# COLLECTED DATA:

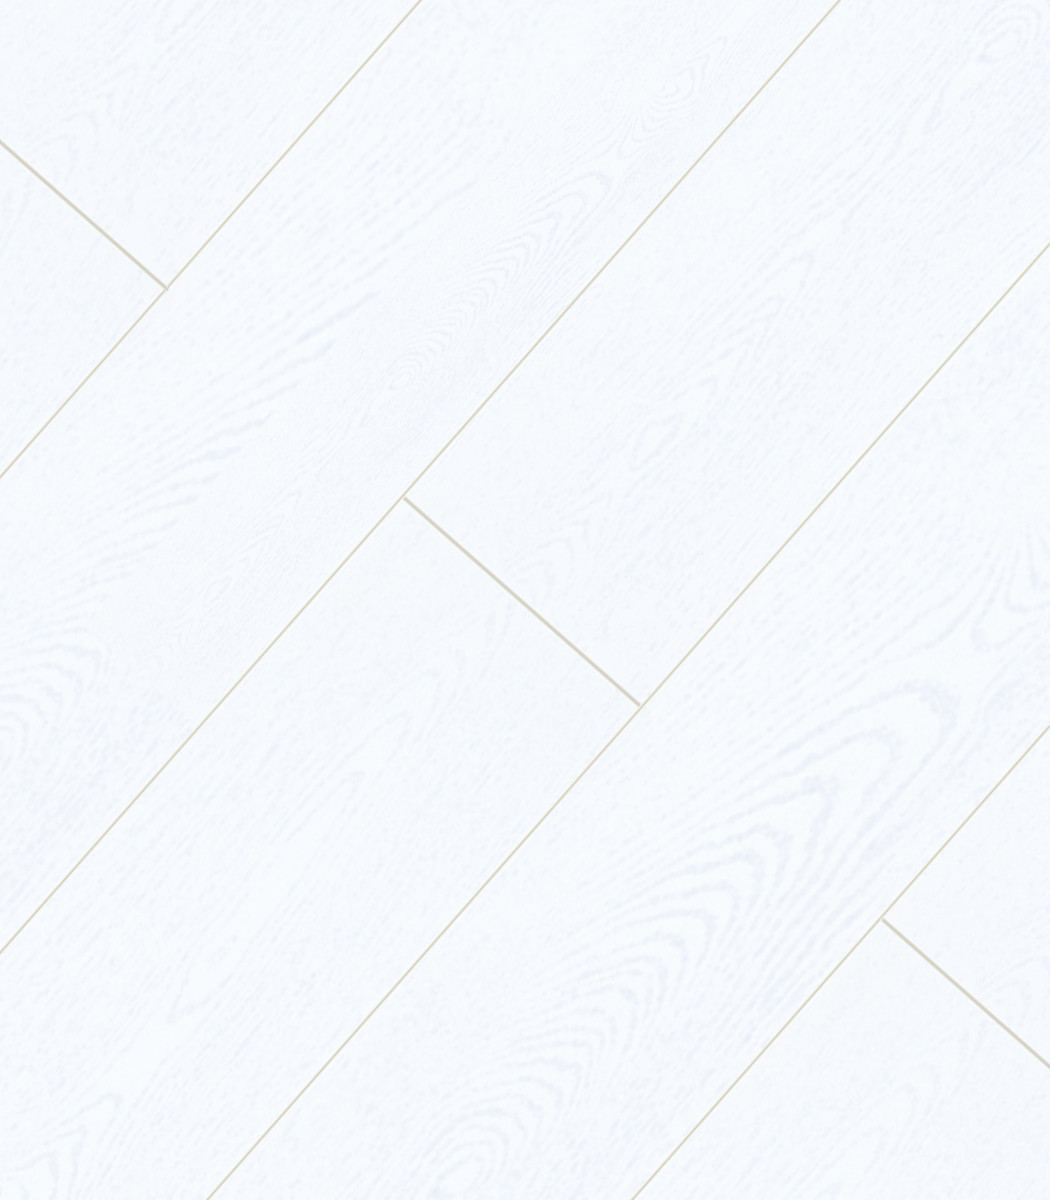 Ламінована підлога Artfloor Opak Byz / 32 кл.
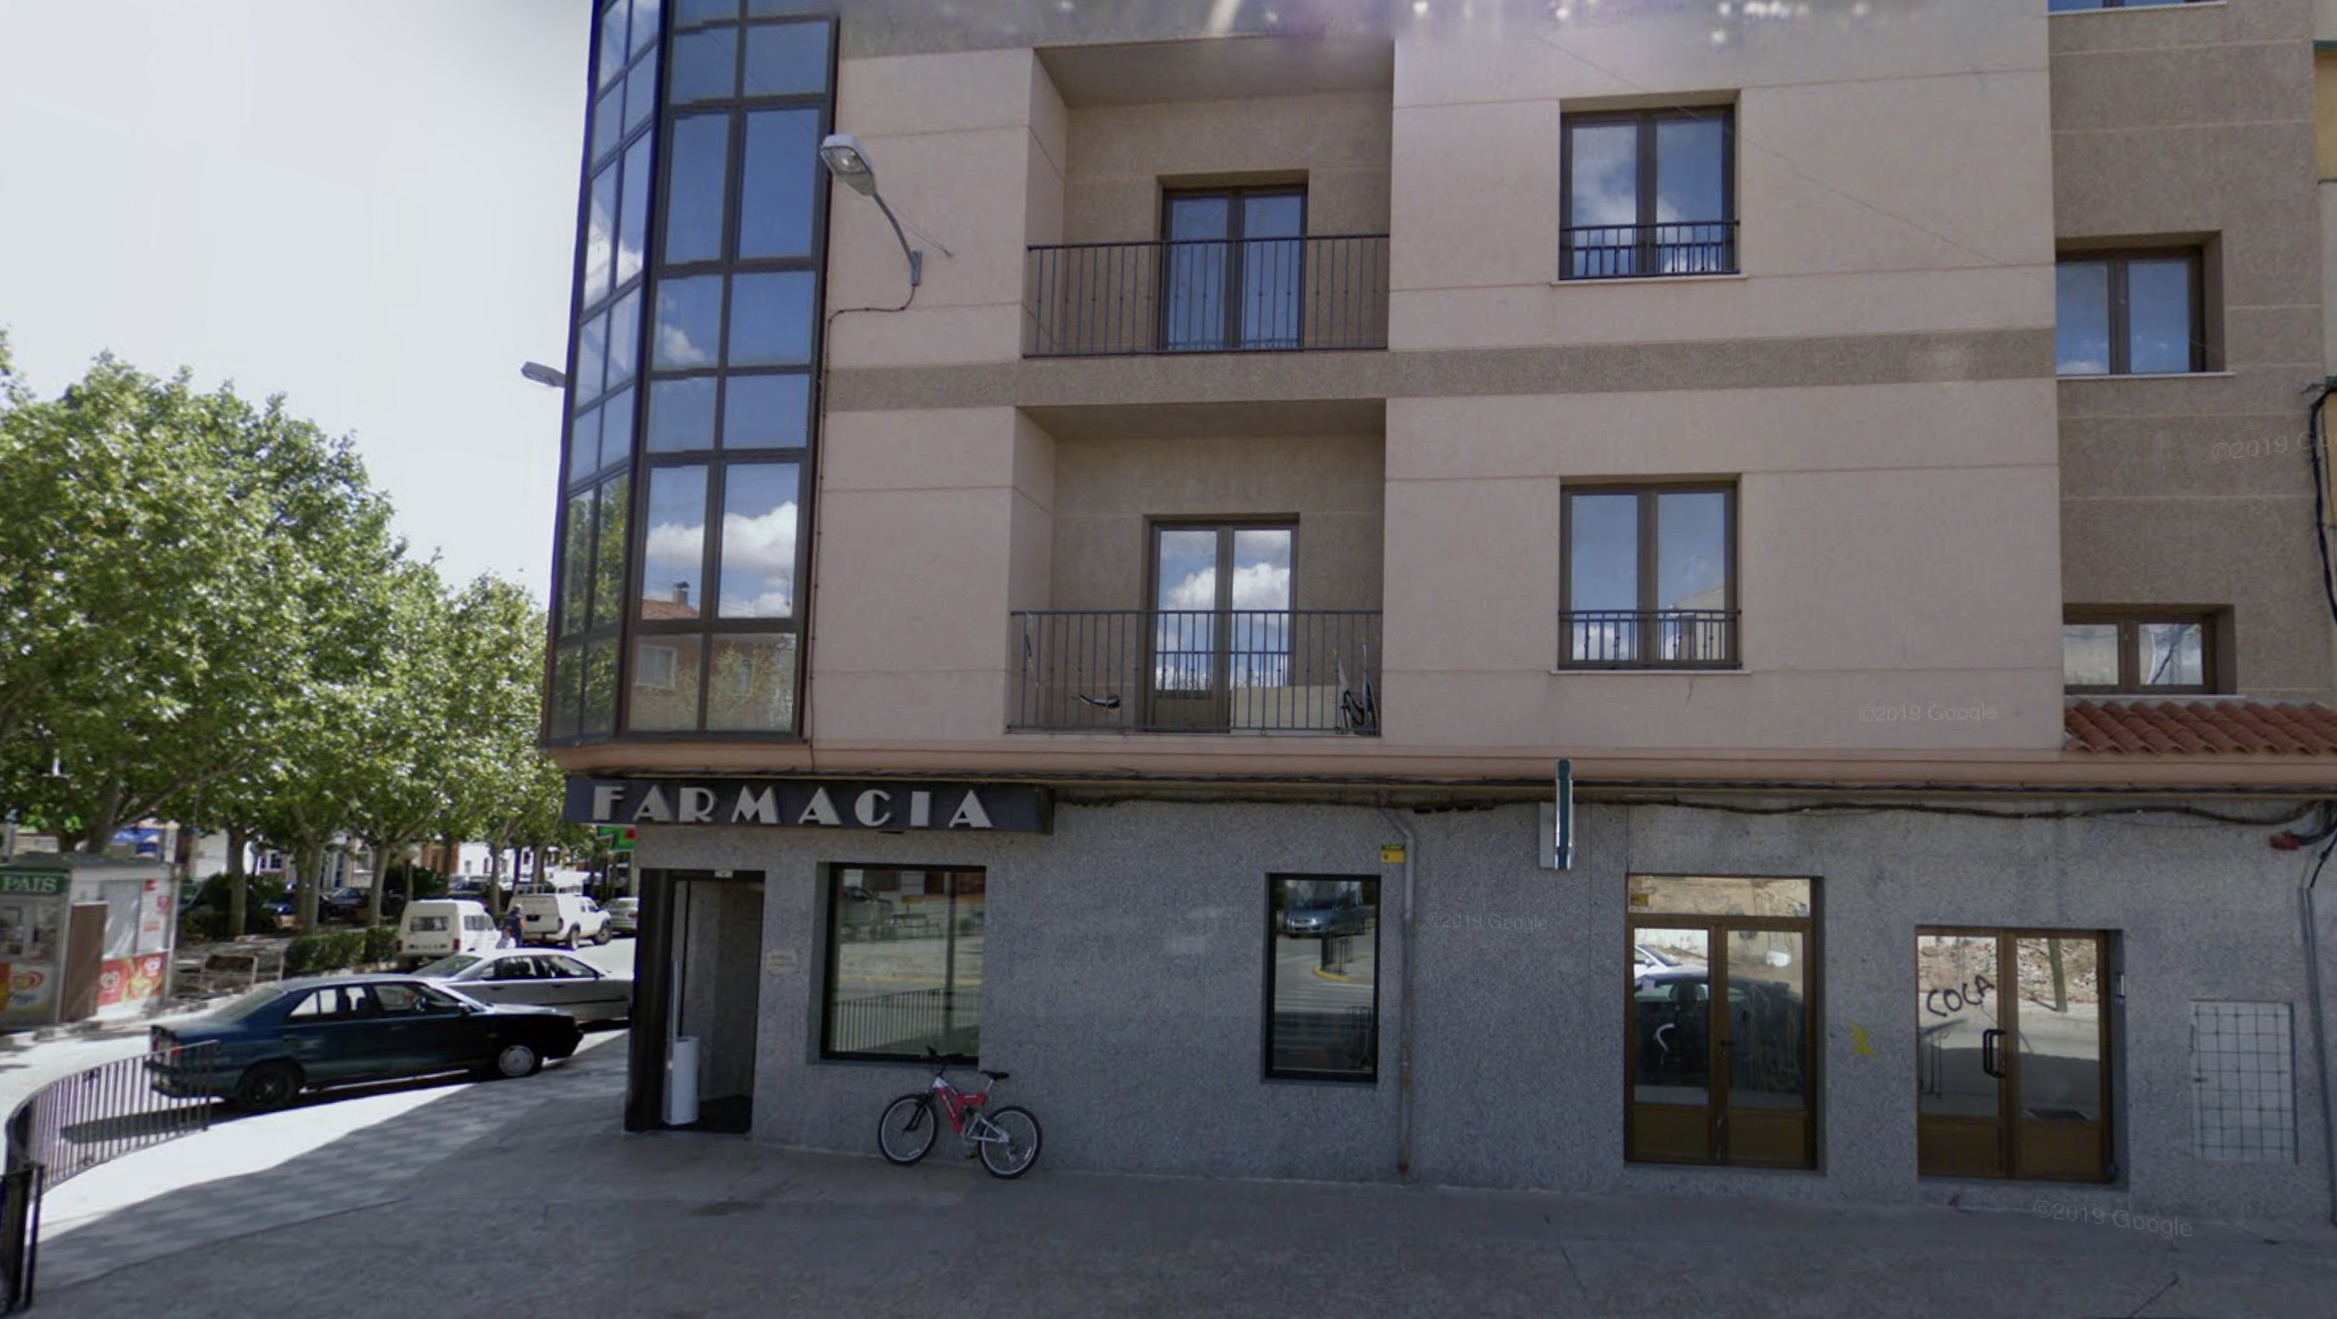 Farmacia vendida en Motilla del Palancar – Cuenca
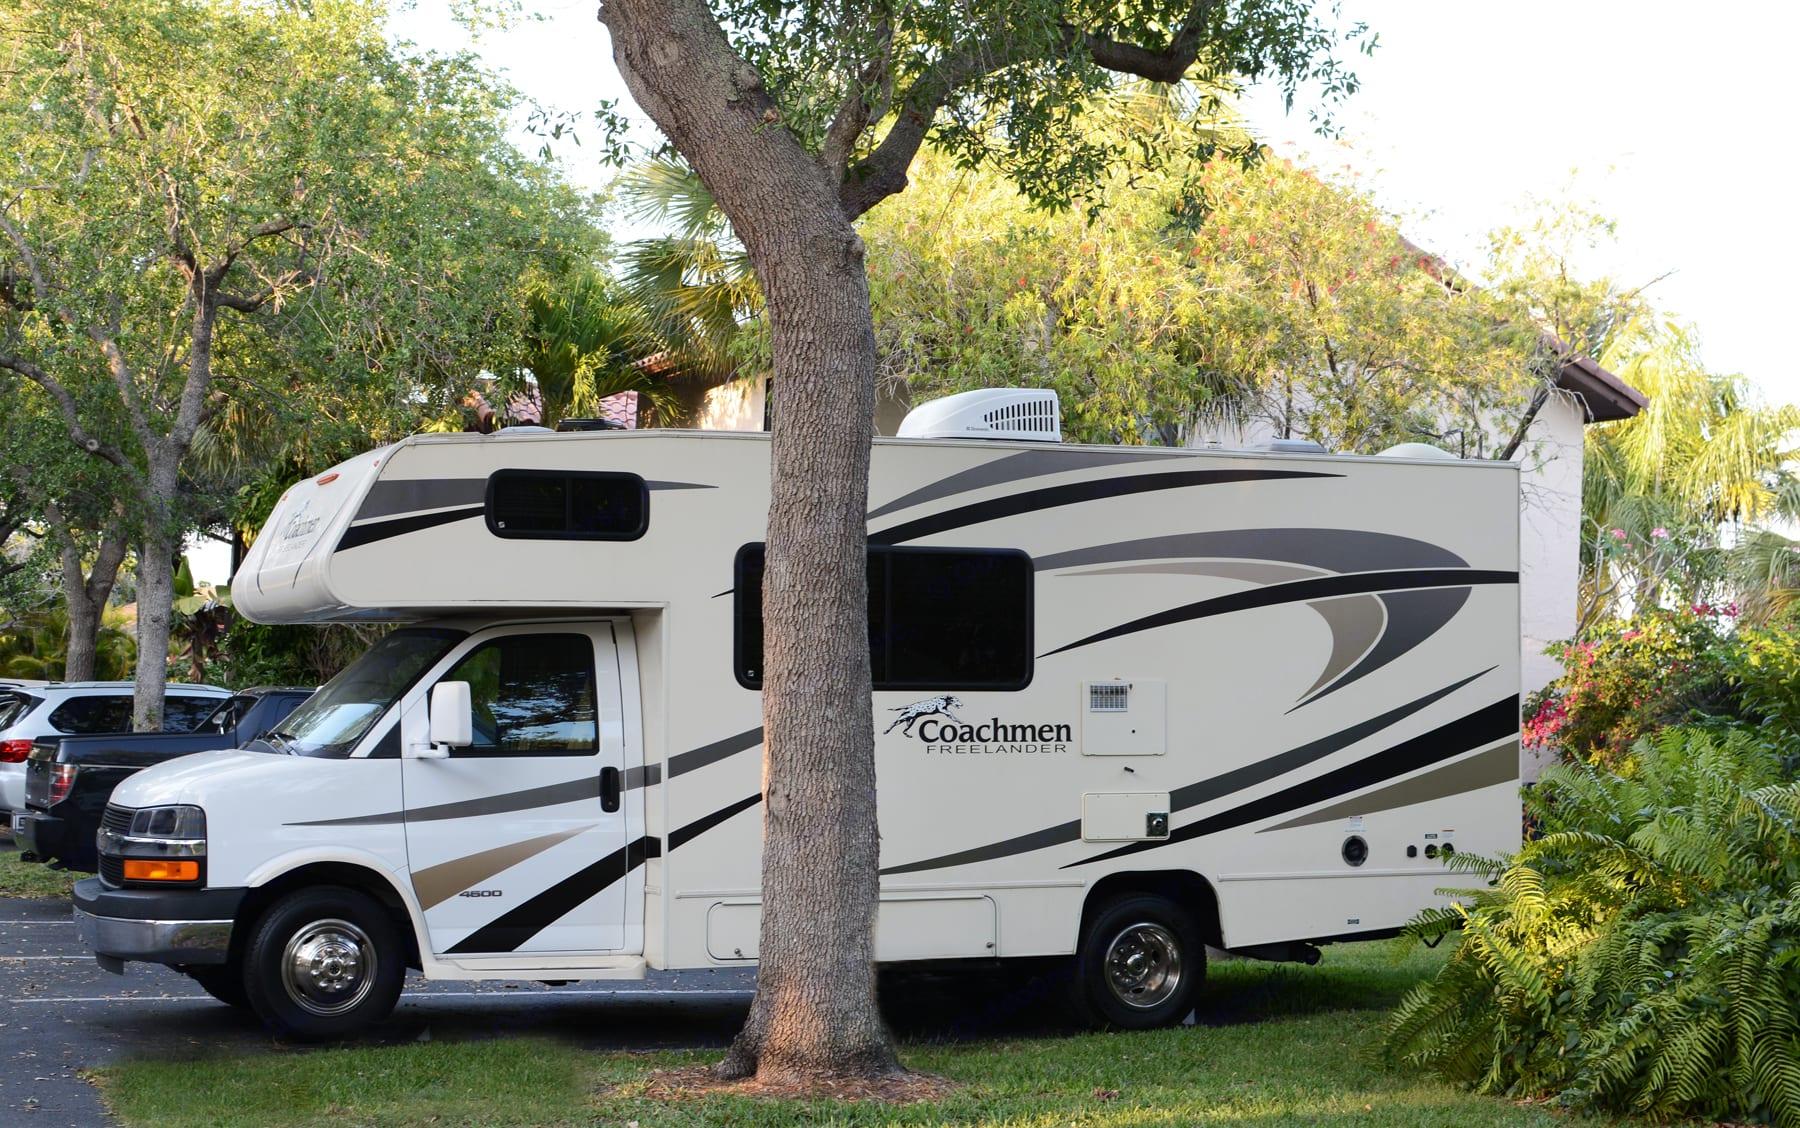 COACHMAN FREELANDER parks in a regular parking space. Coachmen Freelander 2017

# EXERCISE OBJECTIVE:
Excluding every picture, set down the listing exactly.

# RESPONSE TO THE TASK:
 Ламінована підлога Artfloor Opak Byz / 32 кл.
 Farmacia vendida en Motilla del Palancar – Cuenca
 COACHMAN FREELANDER parks in a regular parking space. Coachmen Freelander 2017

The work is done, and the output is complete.